Mécanisme. Contrairement au rétinol, le bakuchiol n'est pas du tout un dérivé de la vitamine A : c'est un composé méroterpénique extrait de la graine de Psoralea corylifolia (babchi), sans lien structural avec les rétinoïdes. Malgré cette chimie différente, le bakuchiol semble activer des voies de signalisation du collagène fonctionnellement voisines de celles que ciblent les rétinoïdes, sans porter les mécanismes photosensibilisants et irritants propres au rétinol. Il est bien documenté que le rétinol se dégrade sous la lumière UV et déclenche une réponse d'irritation cellulaire — la période de rétinisation que connaissent les nouveaux utilisateurs ; la structure chimique différente du bakuchiol fait qu'il ne partage pas cette photosensibilité, une différence pratique importante pour un produit destiné à des formules de jour.
Cette différence structurale explique aussi pourquoi la littérature évoque plus fréquemment la possibilité d'utiliser le bakuchiol chez des populations — peaux sensibles et, séparément, grossesse — pour lesquelles les rétinoïdes sont généralement contre-indiqués ou déconseillés par les prescripteurs. Ce point est mentionné ici comme un élément couramment cité dans la littérature publiée, et non comme une allégation de sécurité formulée par Arceli sous sa propre autorité.
Pourquoi la pureté à 99 % est la vraie variable. Les données cliniques du bakuchiol reposent sur une dose précise et standardisée : l'essai Dhaliwal a utilisé une crème à 0,5 %, c'est-à-dire la charge en actif de la formule finie, et non un chiffre de pureté de matière première. Reproduire cette dose testée cliniquement dans un produit fini dépend du fait de partir d'une matière première de pureté élevée et vérifiée. Un bakuchiol à 99 % de pureté permet au formulateur de calculer et d'atteindre précisément cette allégation de 0,5 % ; une pureté plus faible, non vérifiée ou variable d'un lot à l'autre impose de choisir entre surdoser (surcoût, et risque réel d'irritation que les données cliniques n'ont pas évalué) ou sous-doser, ce qui fait discrètement passer le produit fini sous le seuil que la recherche citée soutient réellement — transformant une allégation « étudié cliniquement » en une allégation qui ne correspond plus au contenu du flacon.

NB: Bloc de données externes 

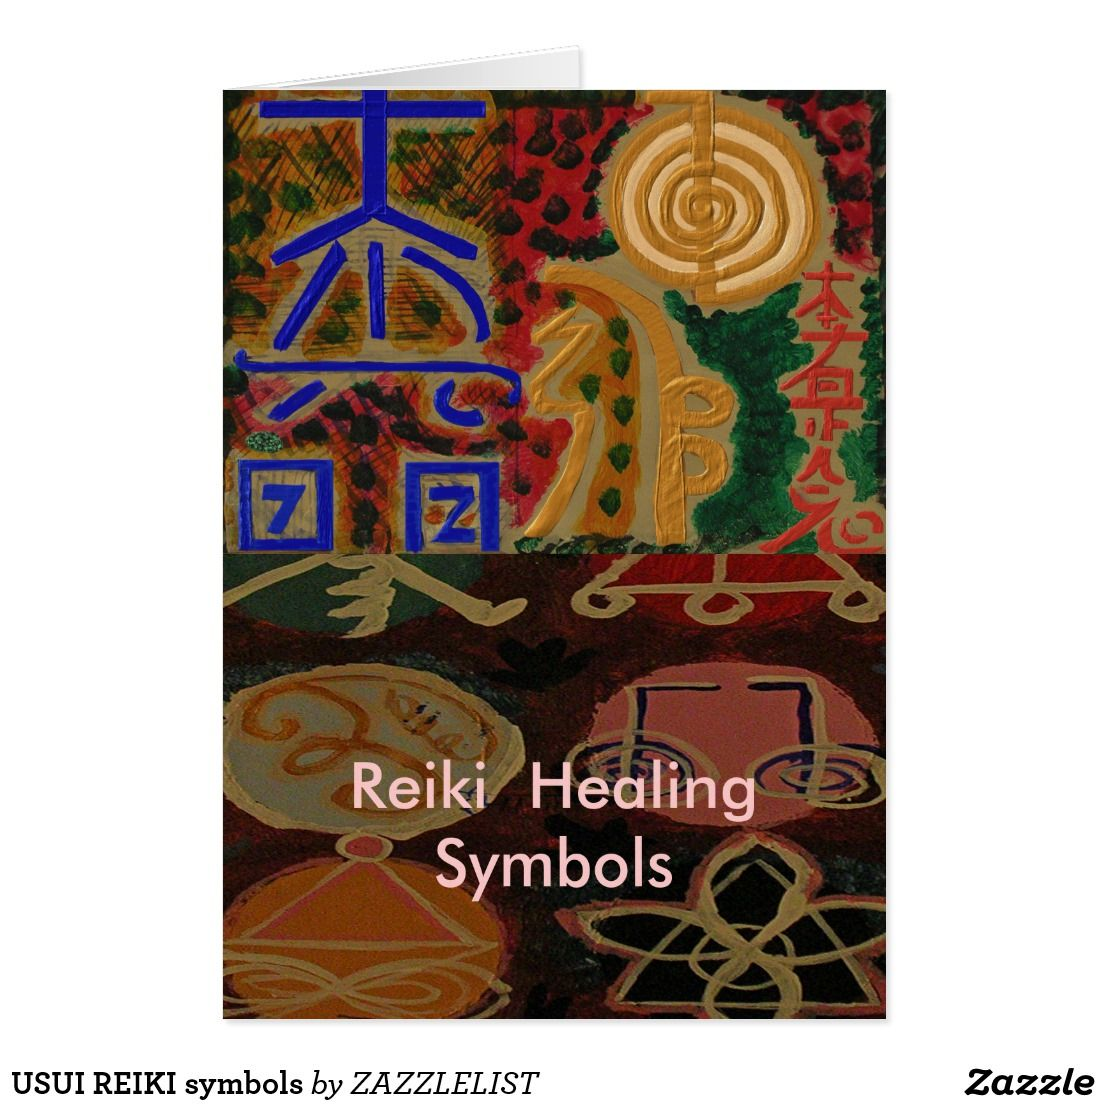 Usui reiki symbols card 101 zazzle pro favorite stores usui reiki symbols card biocorpaavc Image collections

Ce que cela signifie côté approvisionnement. Ce qu'une marque peut défendre, ce n'est pas que le bakuchiol fonctionne, mais que sa formule reproduit les conditions dans lesquelles le bakuchiol a été testé : une charge active de 0,5 %, en application topique, sur une période d'usage de 12 semaines. Tout ce qui se trouve en amont relève de la pureté et de la constance : un certificat d'analyse indiquant le dosage par une méthode nommée, une variabilité inter-lots assez faible pour que l'allégation d'étiquette tienne d'une production à l'autre, et une documentation qu'un formulateur peut présenter à un évaluateur réglementaire. Ce sont les questions qui méritent d'être posées à un fournisseur et, contrairement à une allégation marketing, elles admettent une réponse : les documents le montrent ou ne le montrent pas.
Références
- Dhaliwal, S. et al. (2019). Prospective, randomized, double-blind assessment of topical bakuchiol and retinol for facial photoageing. British Journal of Dermatology, 180, 289-296.
- A comprehensive review of topical bakuchiol for the treatment of photoaging. Journal of Integrative Dermatology.
Les citations renvoient à la littérature publiée sur ces composés en général, et non à des essais cliniques portant sur l'extrait spécifique d'Arceli, sauf mention contraire.